The planned changes have deepened the feeling within the diplomatic establishment that Modi may be laying the ground to have some of the senior-most foreign service officers superseded when the time comes to pick Jaishankar's successor, because of a perceived trust deficit.
Such a move would mirror former Prime Minister Manmohan Singh's decision in 2006 to pick Shivshankar Menon as foreign secretary although 16 serving officers were senior to him. That decision had triggered the biggest ever rebellion within the foreign ministry, with many of the superseded diplomats threatening to quit.
"Seniority is very important in promotions, and should not be ignored," Veena Sikri, former Indian high commissioner to Bangladesh, told The Telegraph. "But in terms of internal appointments within the ministry, the government should have some flexibility in deciding the rank of the post."
Sikri and husband Rajiv, then secretary (east), had sought voluntary retirement in protest against Menon's appointment.

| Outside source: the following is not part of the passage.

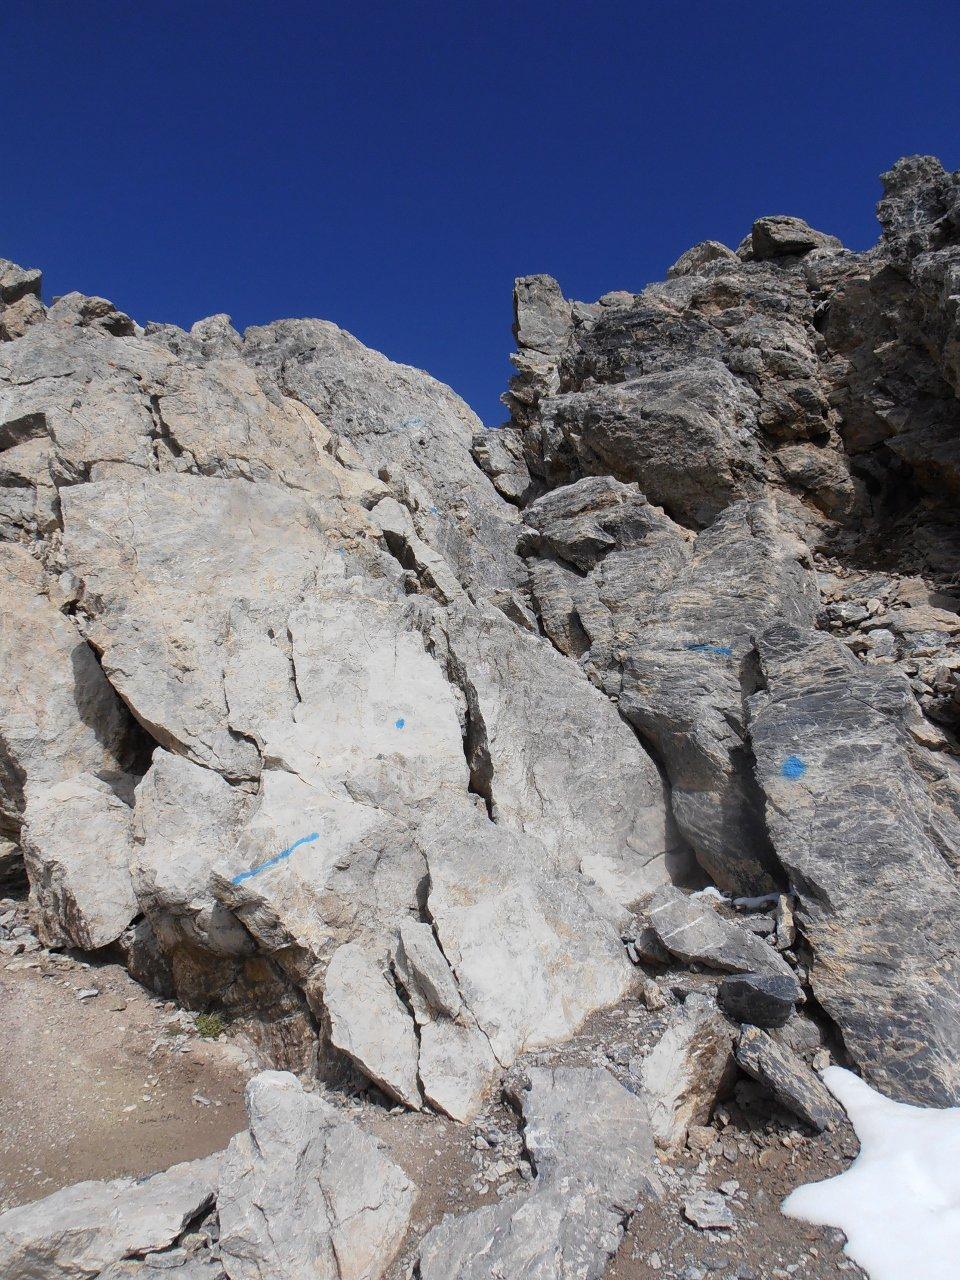 11 - passaggio su roccia che porta in cresta, 1 grado

The current shuffle appears to earmark Harsh Vardhan Shringla, now ambassador to Thailand, Gautam Bambawale, the ambassador to Bhutan, and Syed Akbaruddin, the additional secretary in charge of October's India-Africa summit, as future leaders of the diplomatic corps.
Shringla, who was joint secretary in charge of ties with Bangladesh, Sri Lanka and Myanmar before moving to Bangkok, did much of the spadework that yielded the Land Boundary Agreement with Dhaka in June.

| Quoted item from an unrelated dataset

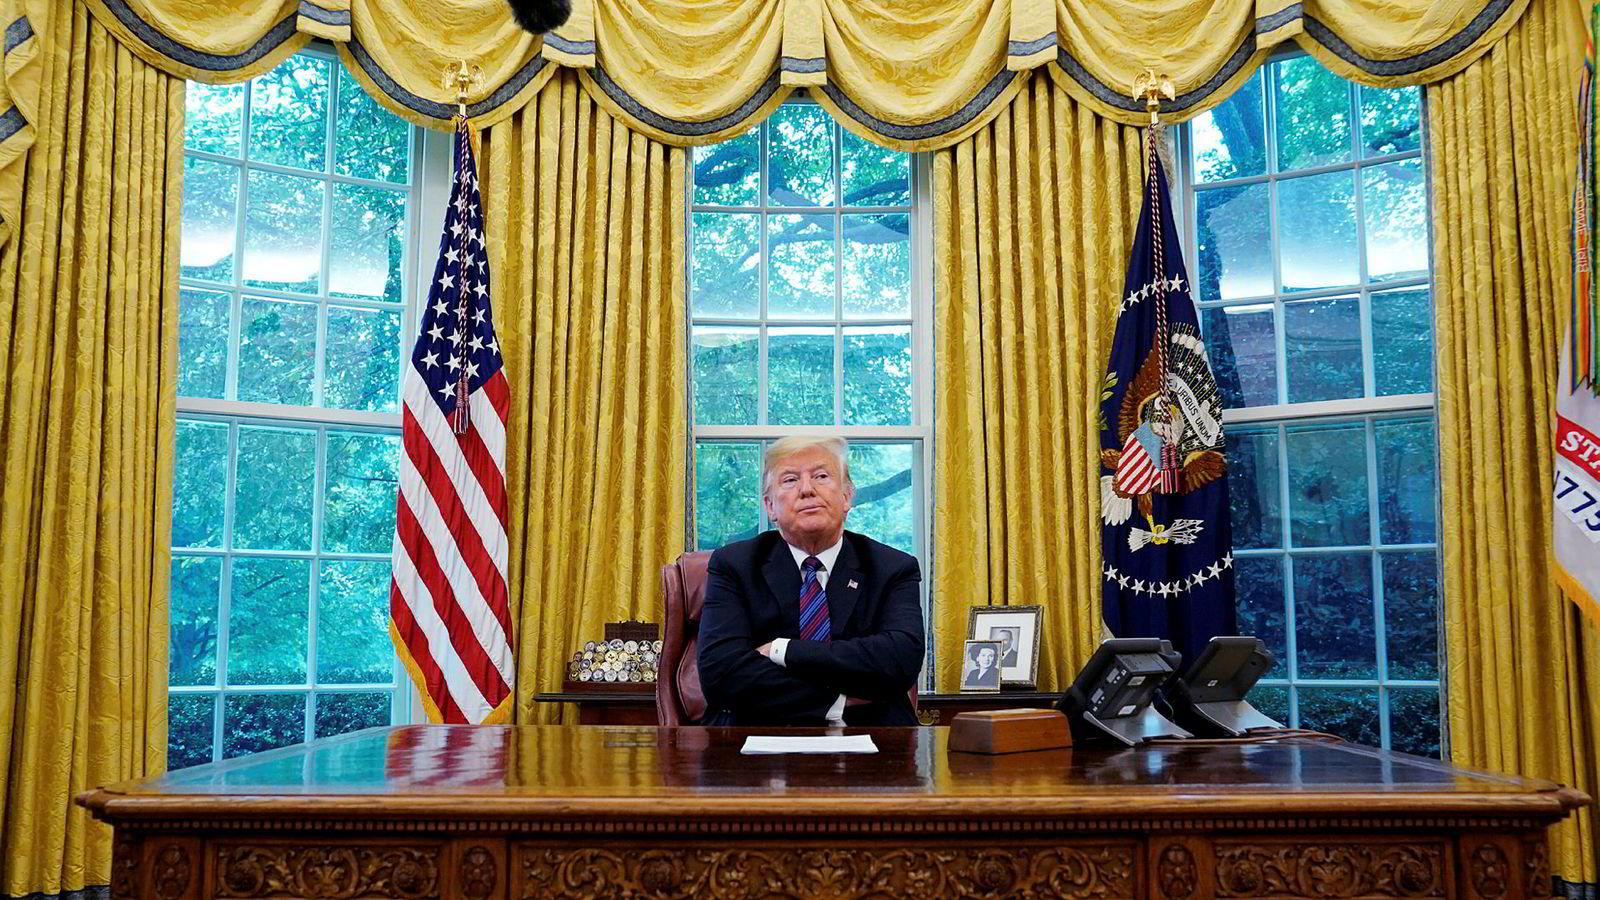 President Donald Trump vil nok aldri tenke at han trenger terapi. Og det er like greit. Han ville nok vært terapiresistent, skriver Tormod Huseby.

He will now move as high commissioner to Bangladesh at a time bilateral relations appear far warmer than India's ties with most of its other neighbours.
Bambawale managed India's critical relations with China, Japan and South Korea at headquarters before shifting to Thimphu. He will now take up the crucial role of high commissioner to Pakistan. Both Shringla and Bambawale, 54, belong to the 1984 batch of the foreign service.
Akbaruddin, known to many television watchers as the foreign ministry spokesperson till April, will take on the coveted assignment of India's permanent representative at the United Nations in New York.
A batch junior to but a year older than Bambawale and Shringla, Akbaruddin has transformed the foreign office's external publicity division into a social-media-savvy institution.
Through his tweets, Akbaruddin has also helped create a larger-than-life persona for Modi as an international leader, emerging as one of the Prime Minister's favourite diplomats.
In India's hierarchy of overseas diplomatic positions, the permanent representative to the UN is second only to the ambassador in Washington and had many aspirants senior to Akbaruddin.